Esiti analoghi di irrilevanza (esplicitamente confermati anche sul piano formale) sono derivati da un’altra iniziativa legislativa, specificamente intesa a disciplinare la dichiarazione di origine nell’etichetta dei prodotti alimentari ed a legare tale indicazione a quella dell’origine della materia prima agricola impiegata.
La legge n.204 del 3 agosto 2004, di conversione del decreto legge n. 157 del 24 giugno 2004, ha introdotto nel corso dell’iter parlamentare, una disposizione, in forza della quale:
«1. Al fine di consentire al consumatore finale di compiere scelte consapevoli sulle caratteristiche dei prodotti alimentari posti in vendita, l'etichettatura dei prodotti medesimi deve riportare obbligatoriamente, oltre alle indicazioni di cui all'articolo 3 del decreto legislativo 27 gennaio 1992, n. 109, l'indicazione del luogo di origine o provenienza.
2. Per luogo di origine o provenienza di un prodotto alimentare non trasformato si intende il Paese di origine ed eventualmente la zona di produzione e, per un prodotto alimentare trasformato, la zona di coltivazione o di allevamento della materia prima agricola utilizzata prevalentemente nella preparazione e nella produzione.
3. Con decreti del Ministro delle politiche agricole e forestali di concerto con il Ministro delle attività produttive sono individuate, entro sei mesi dalla data di entrata in vigore della legge di conversione del presente decreto, le modalità per la indicazione del luogo di origine o di provenienza».
Questa disposizione, oltre a prevedere l’obbligatorietà della dichiarazione dell’origine degli alimenti su tutti i prodotti posti in vendita, ha precisato che per origine o provenienza dei prodotti alimentari non trasformati deve intendersi il paese o la zona di produzione, e per origine o provenienza dei prodotti trasformati, la zona di coltivazione o allevamento della materia prima prevalentemente utilizzata.
La generalizzata e obbligatoria adozione di un unico criterio, non coordinato con le altre disposizioni in tema di denominazioni e di marchi d’impresa, ha suscitato le vivaci critiche delle imprese di trasformazione alimentare che, con l’adozione di un unico canone di origine, identico per i prodotti trasformati e per quelli non trasformati, e basato esclusivamente sulla materia prima, vedevano gravemente svalutato il ruolo attribuito al saper fare ed alla fase della trasformazione.
Soprattutto l’introduzione di una siffatta disciplina esclusivamente in sede nazionale ha - come prevedibile - suscitato la reazione della Commissione europea, che ha contestato al governo italiano sia la mancata previa notifica ai sensi del regolamento sulle norme tecniche, sia la violazione dell’art.28 del Trattato, nella misura in cui una disciplina nazionale non coordinata in sede europea si tradurrebbe in un ostacolo alla libera circolazione delle merci.
La nuova normativa nei fatti non ha trovato alcuna applicazione, poiché il Ministro delle politiche agricole e forestali non ha emanato i decreti applicativi previsti, pur essendo ampiamente decorso il termine semestrale fissato dalla legge, e con una circolare del 1 dicembre 2004 ha sostanzialmente rinviato a tempo indeterminato l’adozione dei decreti, in attesa di nuovi e diversi provvedimenti legislativi, da assumere d’intesa con la Commissione europea.
Anche in questo caso, insomma, la logica di momento singolo e di addizione asistematica, che omette (volutamente, o per inconsapevolezza) di considerare il più ampio quadro di regolazione in cui ciascuna nuova disposizione necessariamente si iscrive, ha finito per rivelarsi inidonea a soddisfare anche il particolare obiettivo perseguito.

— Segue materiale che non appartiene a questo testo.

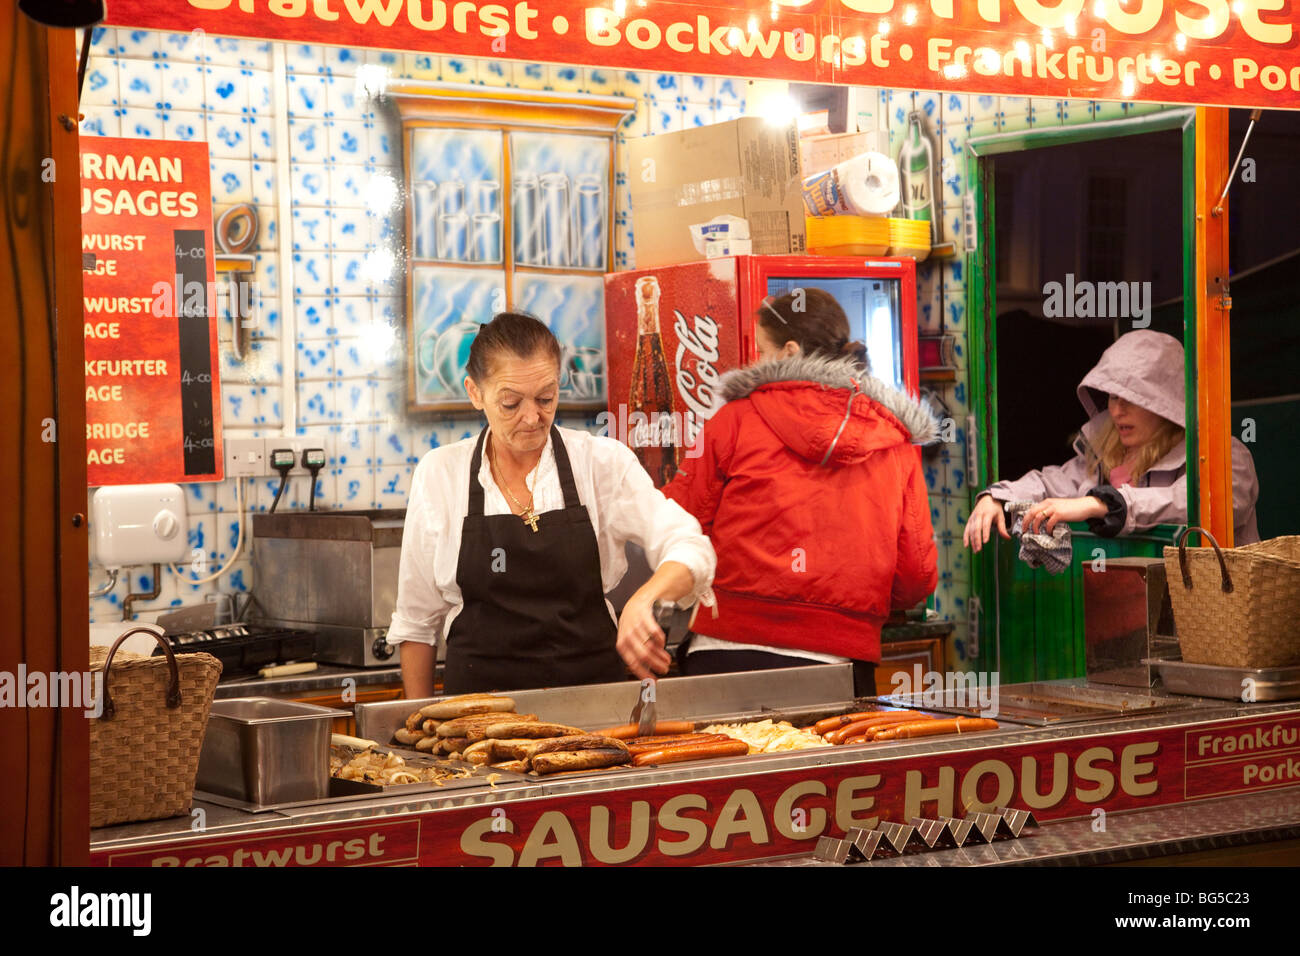 fast food stall serving hot food Stock Photo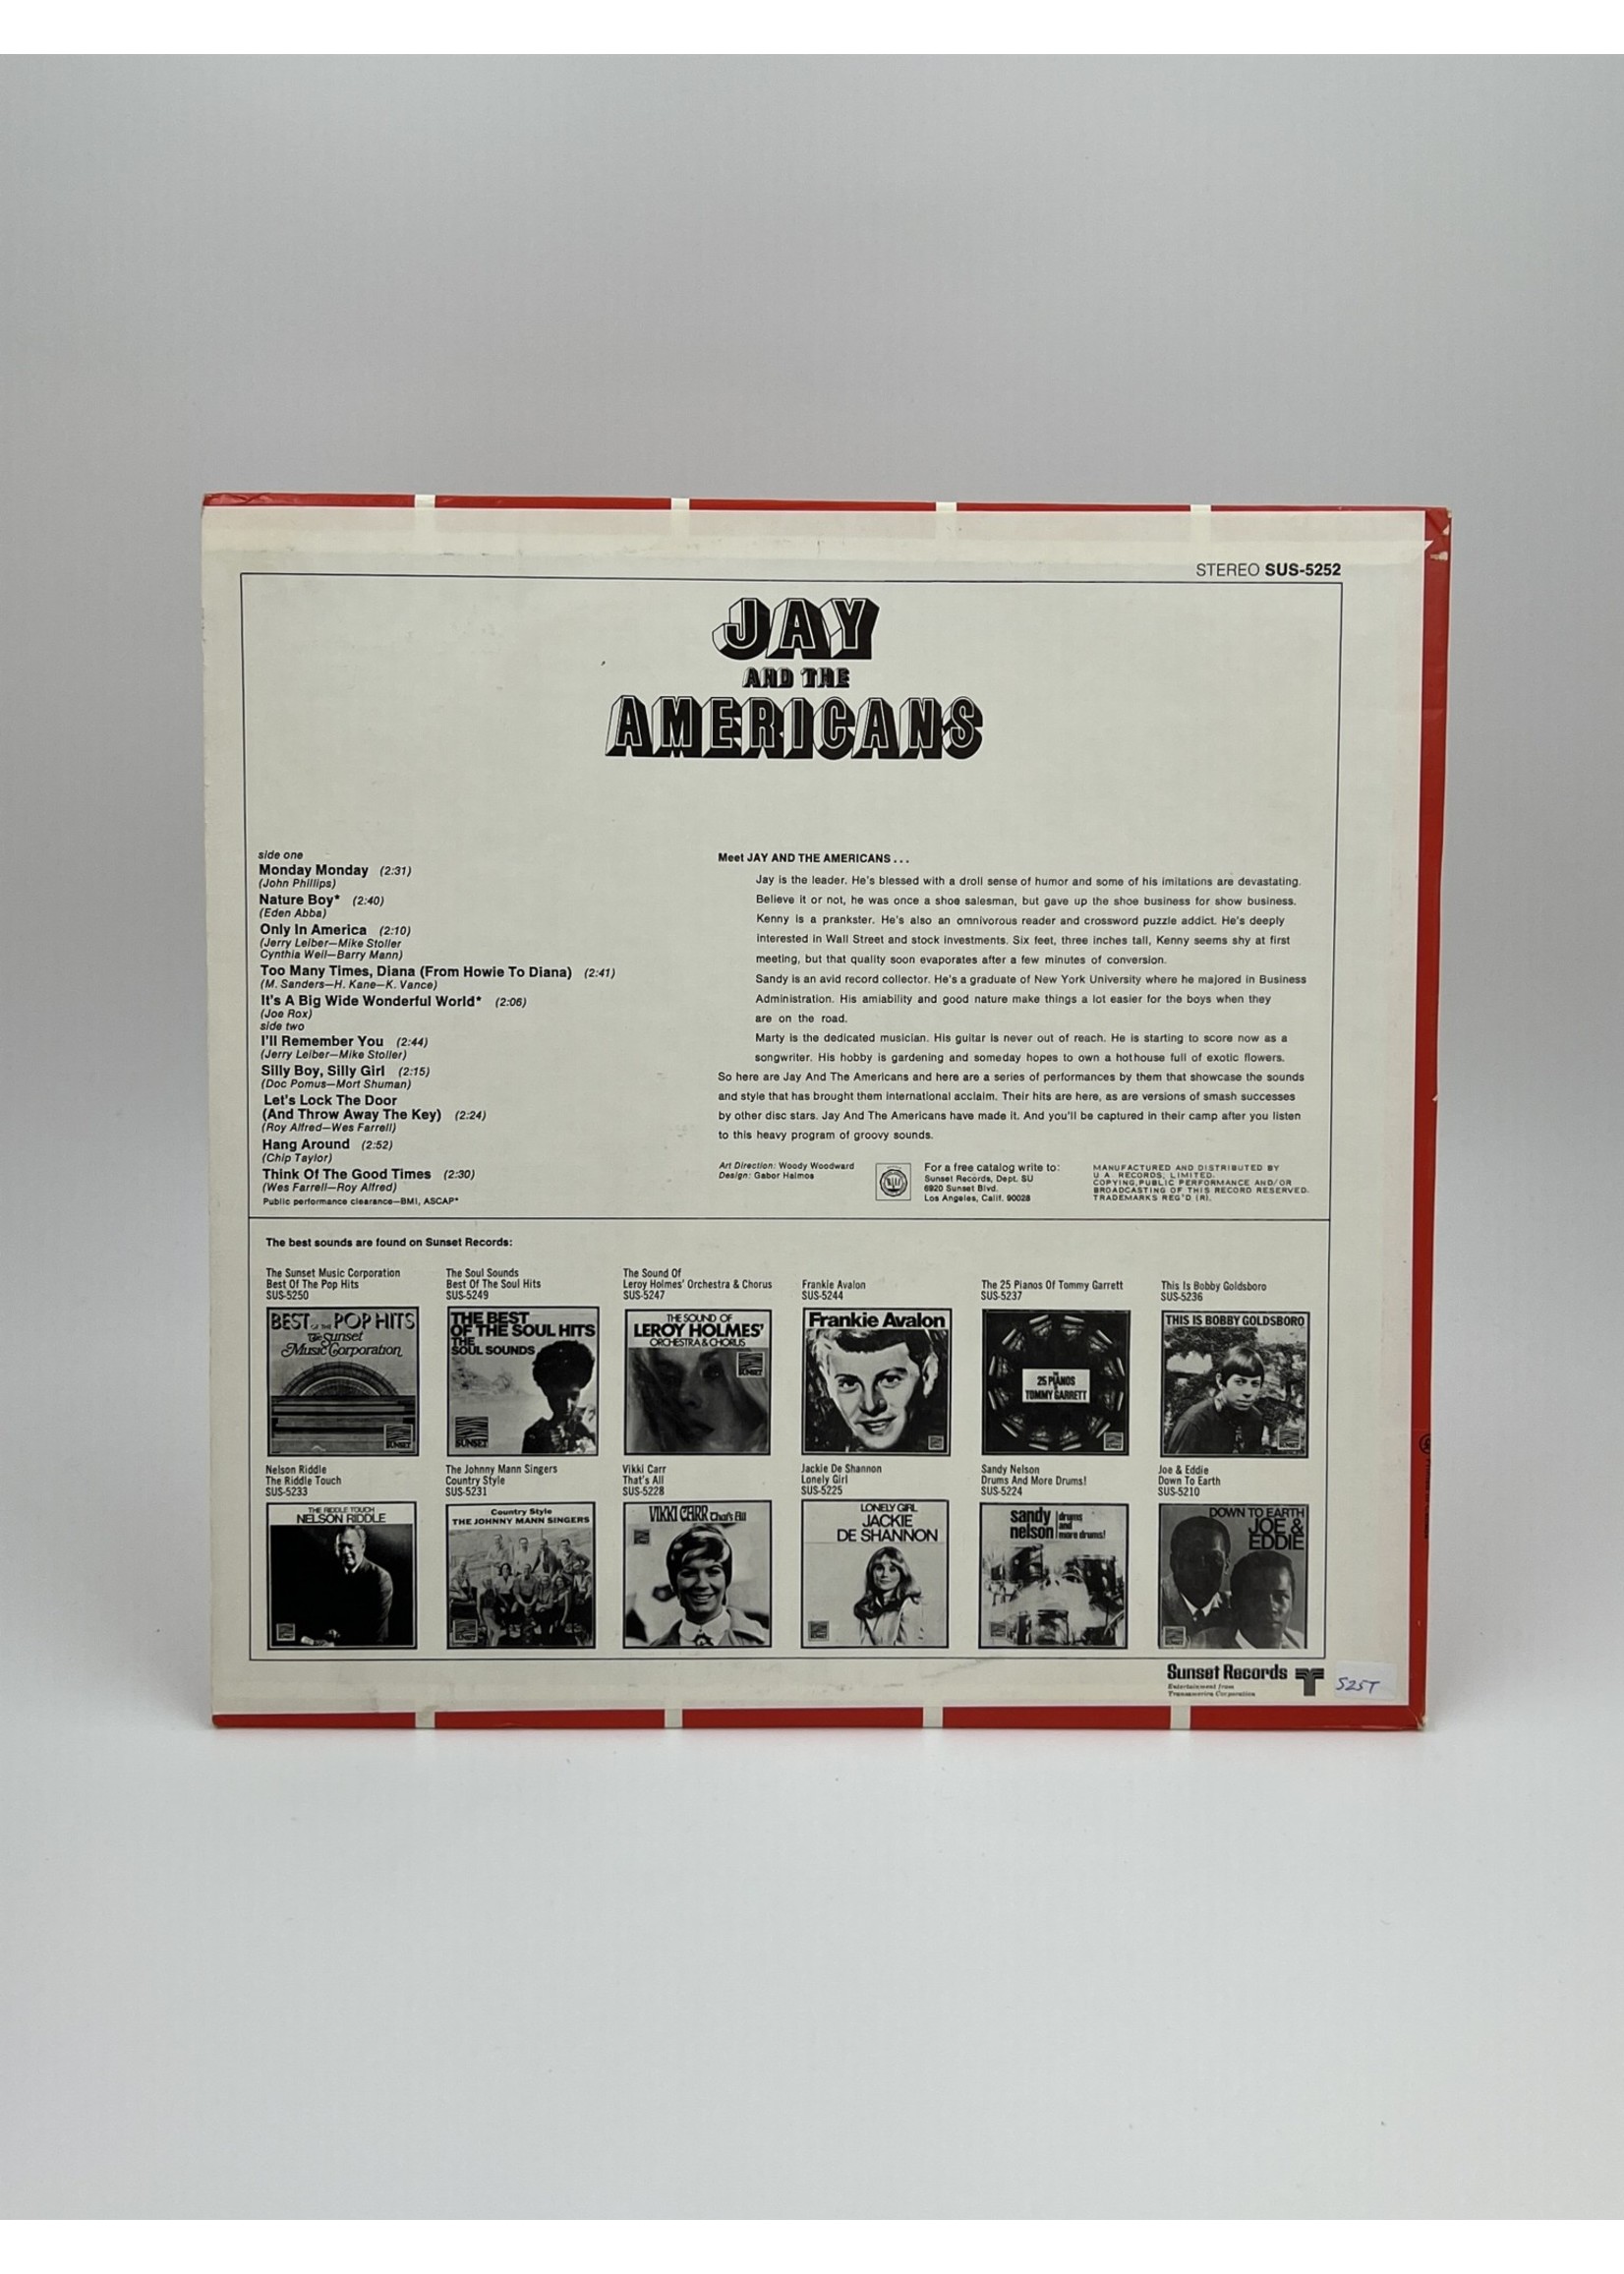 LP Jay and the Americans LP Record

Il decreto legge sulla competitività del marzo 2005

Nel marzo 2005 il legislatore, in una sorta di replica ai giudici di legittimità, con il decreto legge sulla competitività (d.l. 14 marzo 2005, n. 35), ha modificato l'articolo 4, comma 49, della legge 24 dicembre 2003, n. 350, inserendo dopo le parole «fallaci indicazioni di provenienza», le parole «o di origine», così da azzerare il primo argomento utilizzato nella decisione n.3352 del 2005 sopra richiamata.
Anche dopo questa modifica legislativa, tuttavia, restava «da accertare se davvero la legge sanzioni ora penalmente, ai sensi dell’art. 517 c.p., anche l’erroneità quanto alla provenienza materiale, geografica del prodotto» (Casaburi 2005).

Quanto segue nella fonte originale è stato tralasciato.